A permutation matrix is any $n \times n$ matrix that has exactly one 1 in each row and column, with all other entries being 0. Here is an example of a $6 \times 6$ permutation matrix:

$$P = \pmatrix{ 0 &0 &1 &0 &0 &0 \cr 0 &0 &0 &0 &0 &1 \cr 0 &0 &0 &1 &0 &0 \cr 1 &0 &0 &0 &0 &0 \cr 0 &0 &0 &0 &1 &0 \cr 0 &1 &0 &0 &0 &0 \cr}$$

Such a matrix is called a permutation matrix because it is obtained by permuting the rows or columns of the identity matrix. (This yields a one-to-one correspondence between the set of $n \times n$ permutation matrices and the set of permutations on $n$ elements. One can verify that multiplying a vector by a permutation matrix permutes the elements of the vector accordingly.) Every permutation matrix is unitary. This implies that the eigenvalues of any permutation matrix all lie on the complex unit circle, and one might wonder how these eigenvalues are distributed when permutation matrices are chosen at random (that is, uniformly from the set of all $n \times n$ permutation matrices). Some work has already been done in studying the eigenvalues of permutation matrices. Diaconis and Shahshahani [1] looked at the trace (sum of the eigenvalues), and Wieand [6], [5] investigated the number of eigenvalues that lie in a fixed arc of the unit circle. In both cases, the asymptotic behavior for large $n$ was determined.

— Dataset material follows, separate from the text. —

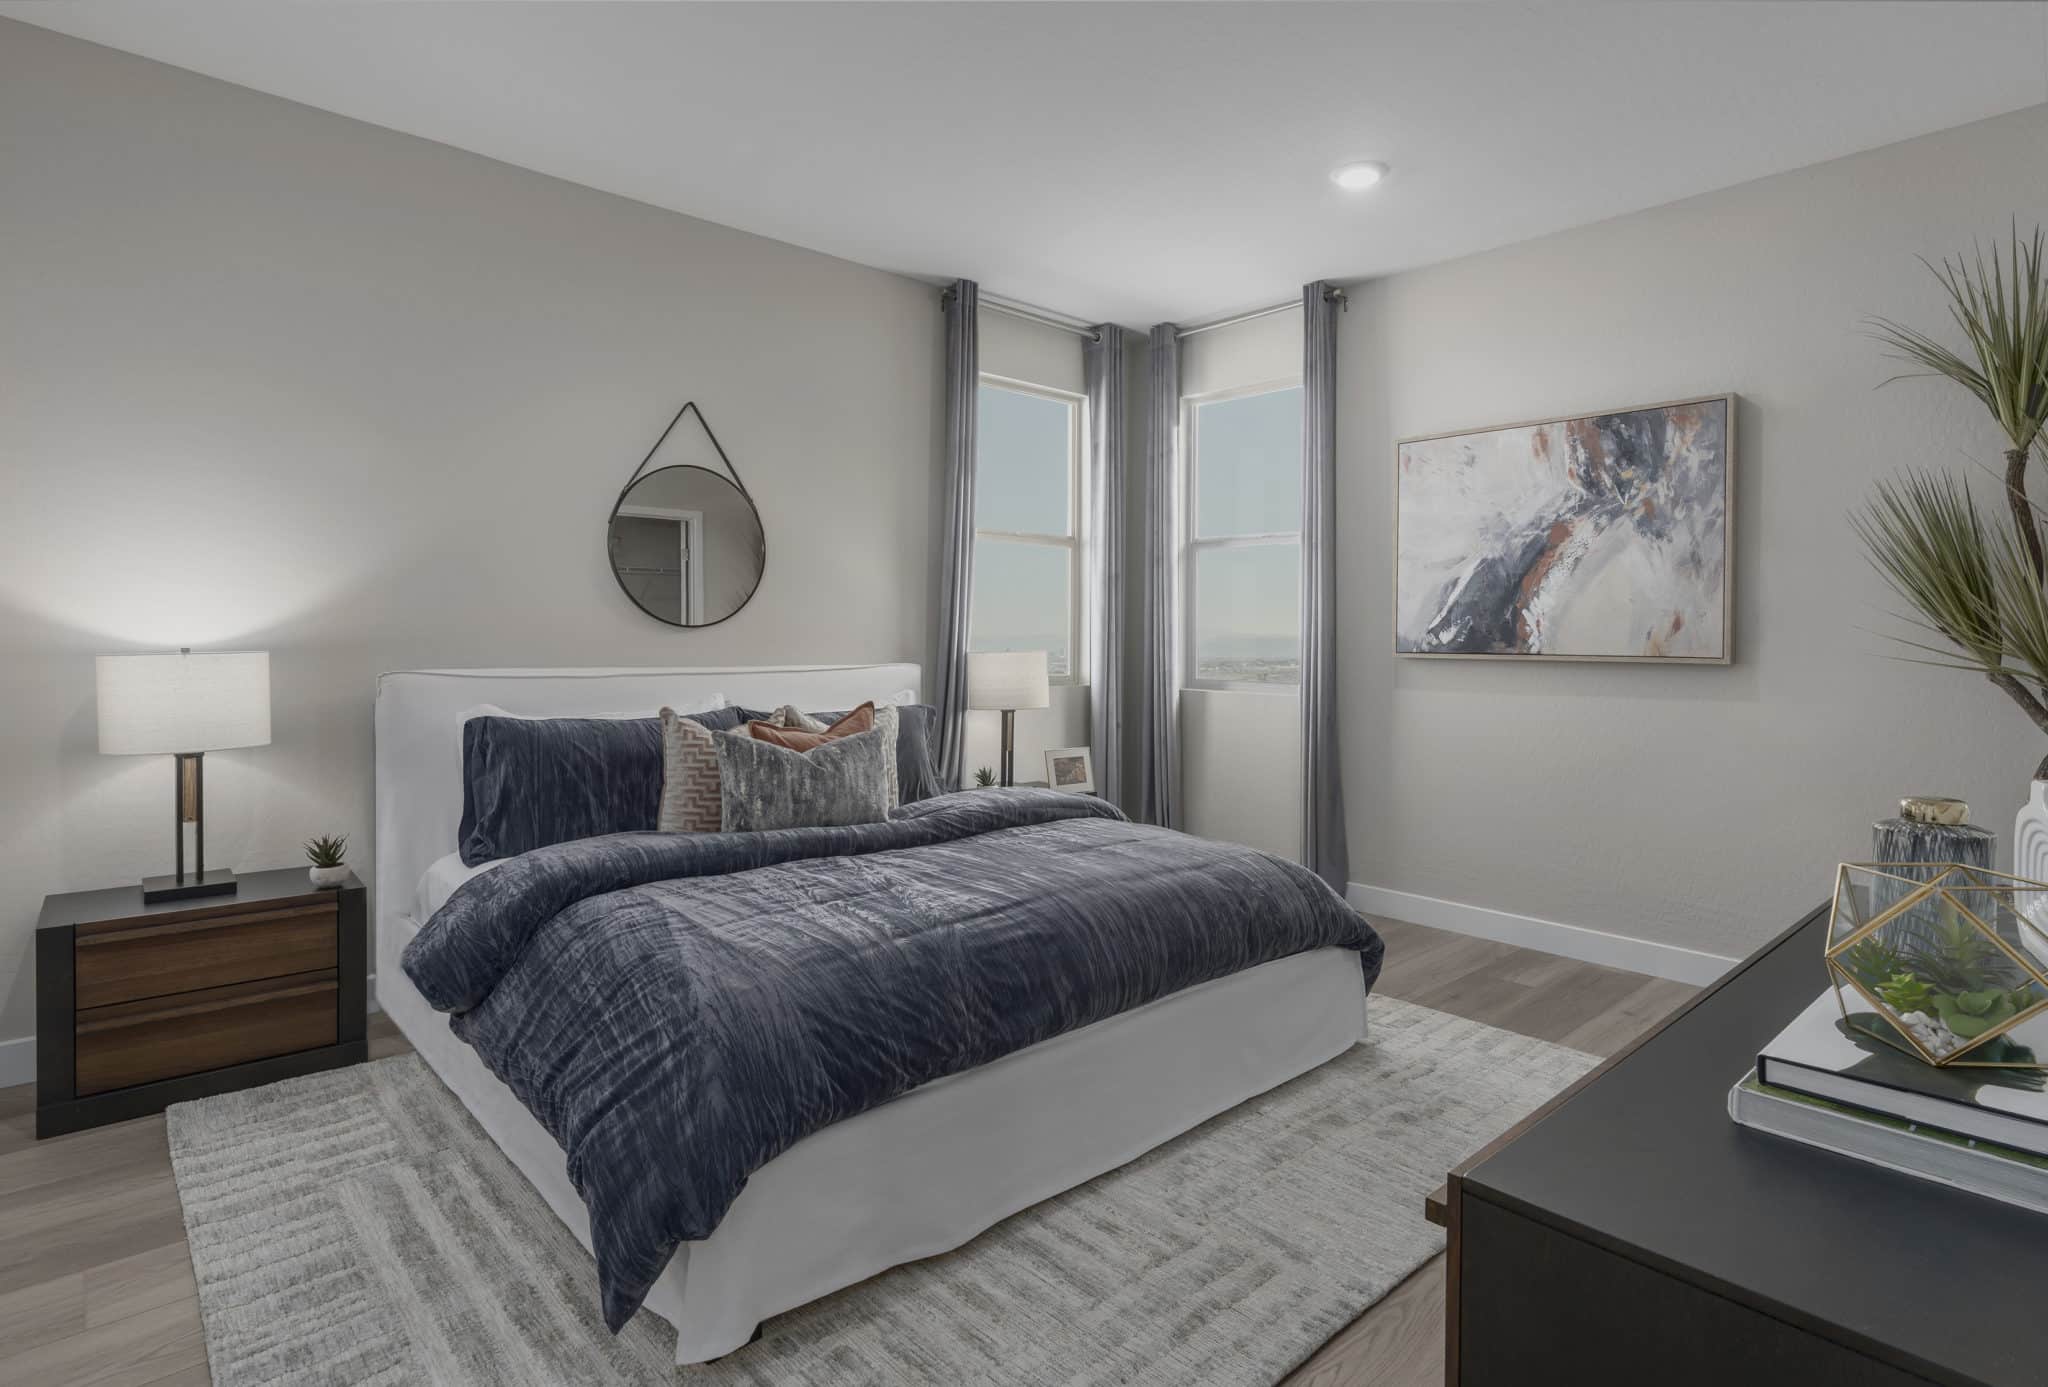 Primary Bedroom of Plan 2114 at Nighthawk by KB Home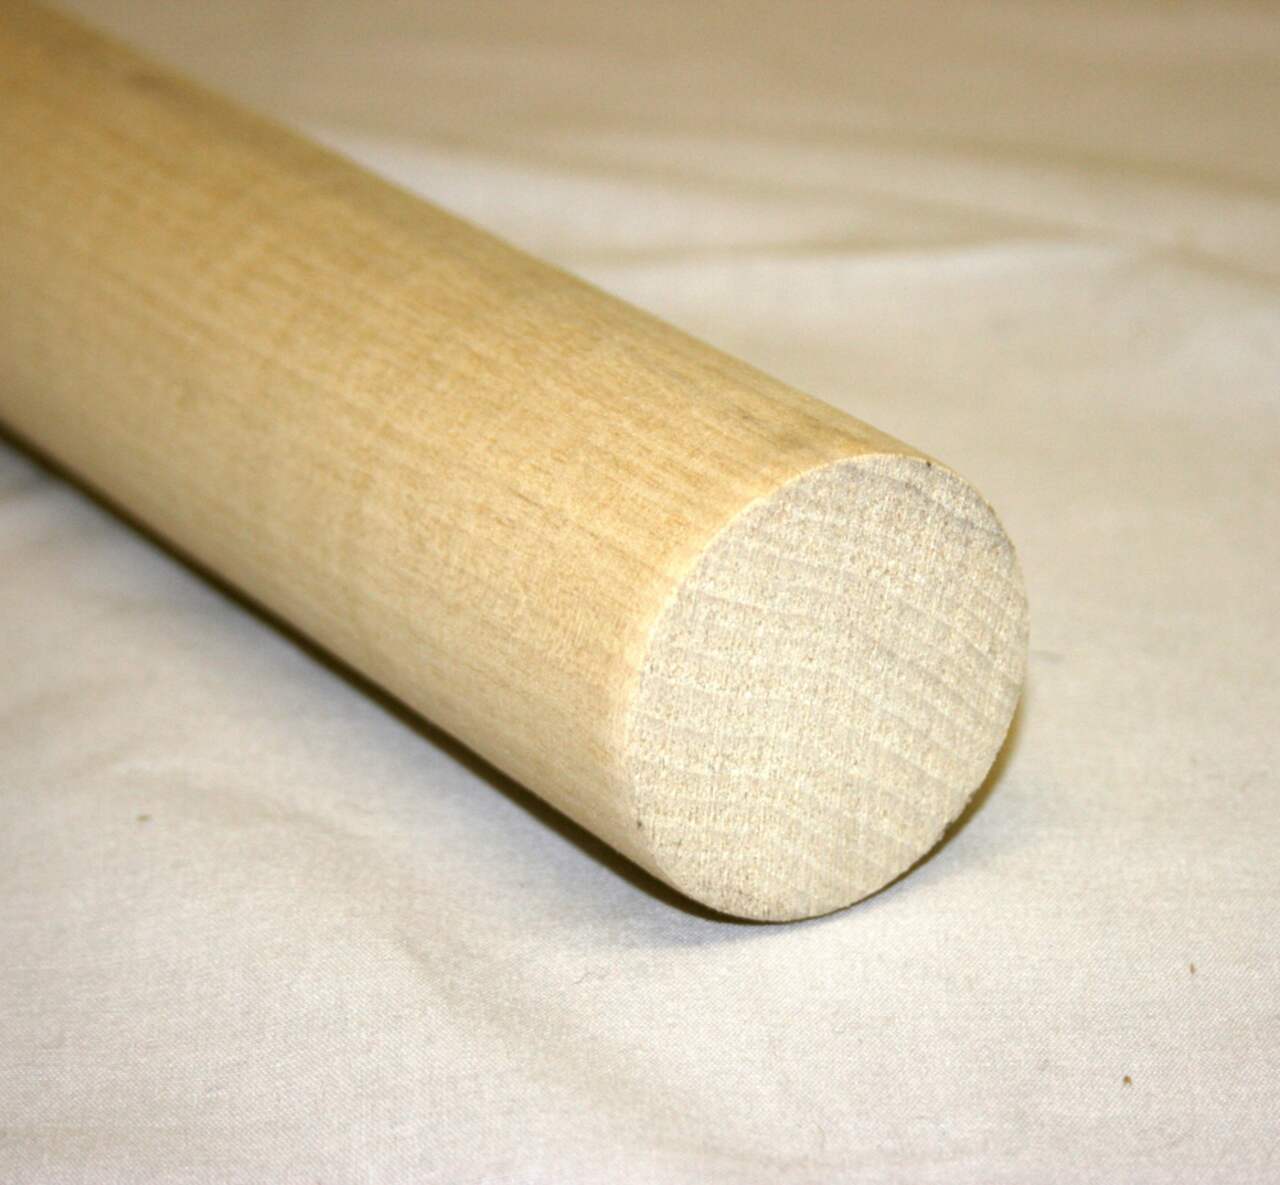 Wooden Dowel Rods Wood Sticks, 12x0.59 Round Wooden Dowels Rod, Pack of 15

Roughly speaking, the number of eigenvalues that lie in a fixed interval on the unit circle will be proportional to the length of the interval and to the dimension $n$ of the matrix. In this project, the idea was to allow $n$ to increase while decreasing the size of the interval, so that the number of eigenvalues lying in it should remain fairly constant on average. In particular, for fixed positive constants $a$ and $\ell$, we looked at the number of eigenvalues $X_{n,a}$ lying in the half-open interval $I_n = \left(e^{2 \pi i a}, e^{2 \pi i(a +\ell/n)}\right]$ when an $n \times n$ permutation matrix is chosen at random, and we found the limit of the mean of $X_{n,a}$ as $n\rightarrow\infty$ for certain values of $a$ (including all rational points and certain "well-behaved" irrational points).